The guys and girls split up. We were given buckets and bowls in the dressing room, and once we undressed, we brought them into the shower room (oops, forgot to bring flip-flops). The temperature of the showerroom was very hot, much like a sauna. There were hot and cold waternozzles, which we used to fill our buckets. There were naked bodies all around me-some scrubbing others. A man to my right, who I assumed was a veteran of the public showers, had brought a small carpet to lay down on while his buddy scrubbed him.
After a week without a shower, I was delighted to bath in dirty Moroccan water. We spent about 45 min. sweating and scrubbing, before we returned to the home of Mohammed's dad, where we spent our last night in Morocco. Before sunrise the next morning, we were headed back to Spain.
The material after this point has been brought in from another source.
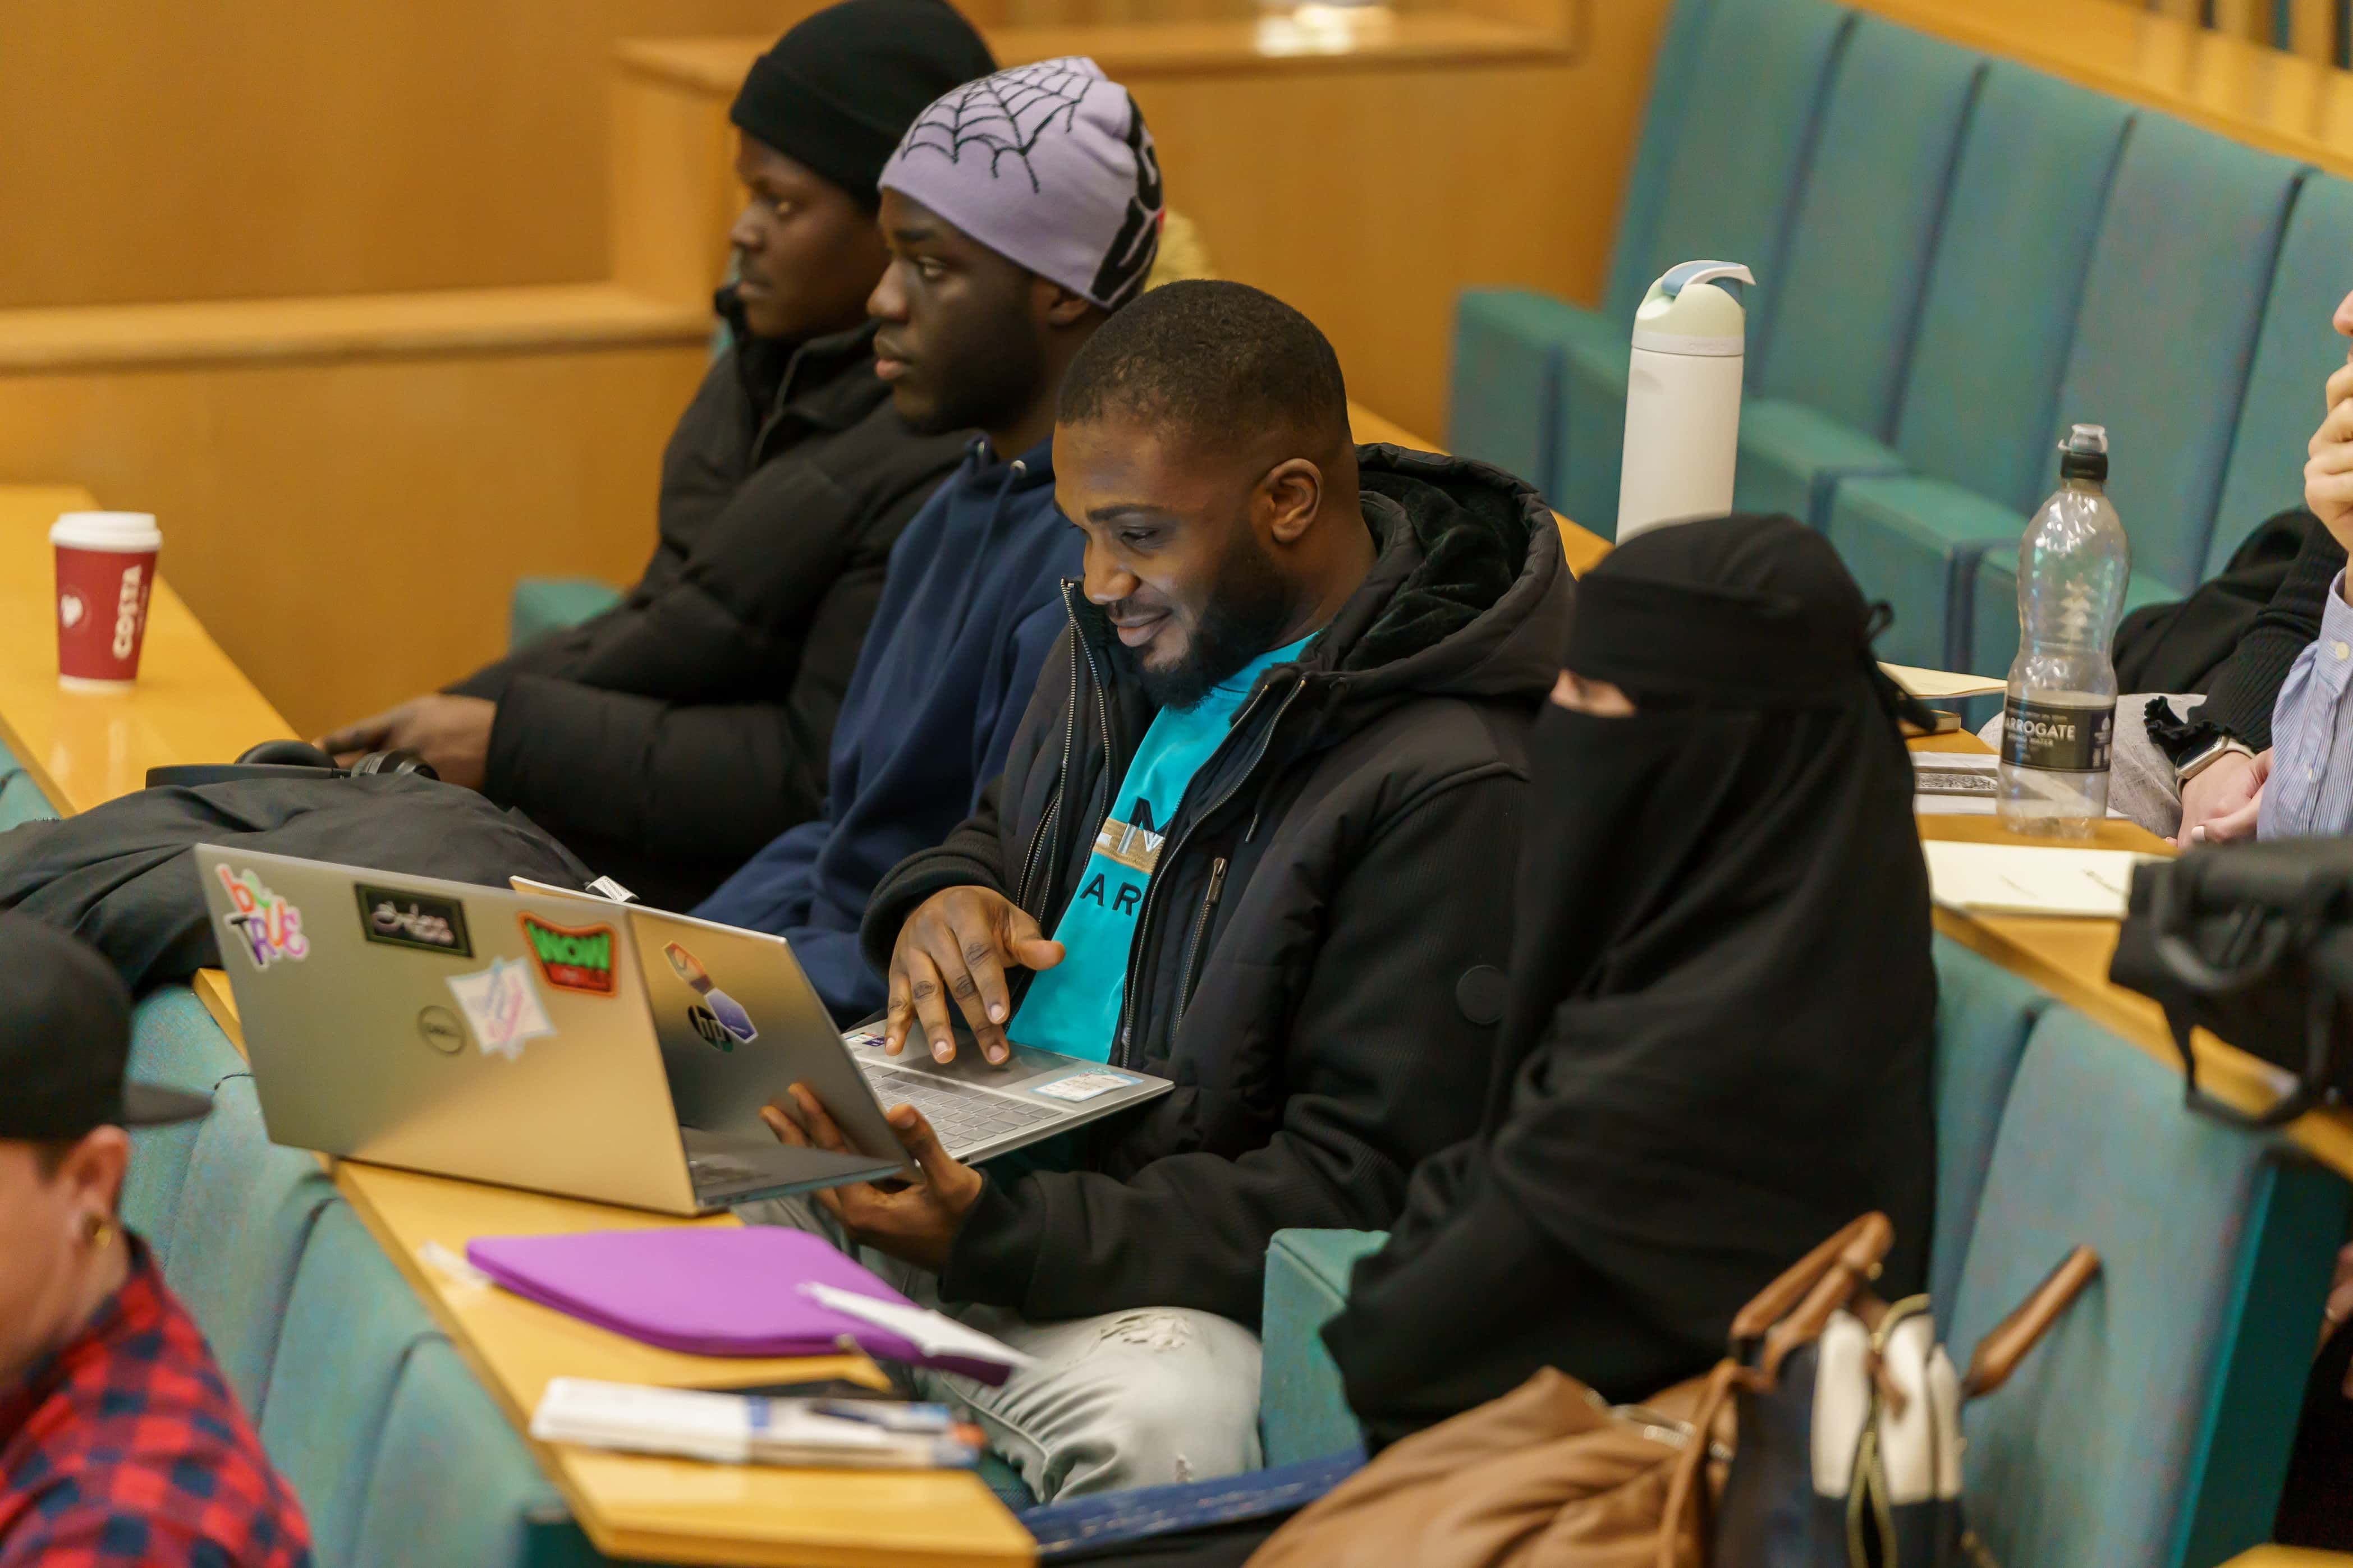 A group of computer science students sitting together in a lecture theatre, working on the Hackthon on their laptops

I have a heart for Omar and his family. I even hope to return for ten days during winter break, Lord willing. It wasn't easy to go back to the civilized world where we take so much for granted. My time in Morocco broadened my perspective on life. I can no longer ignore the fact that so many people live their entire lives with that way, and shrug my shoulders.
I only have three weeks left in Spain! I have mixed feeling about returning home to cold rain, but I miss everyone a lot.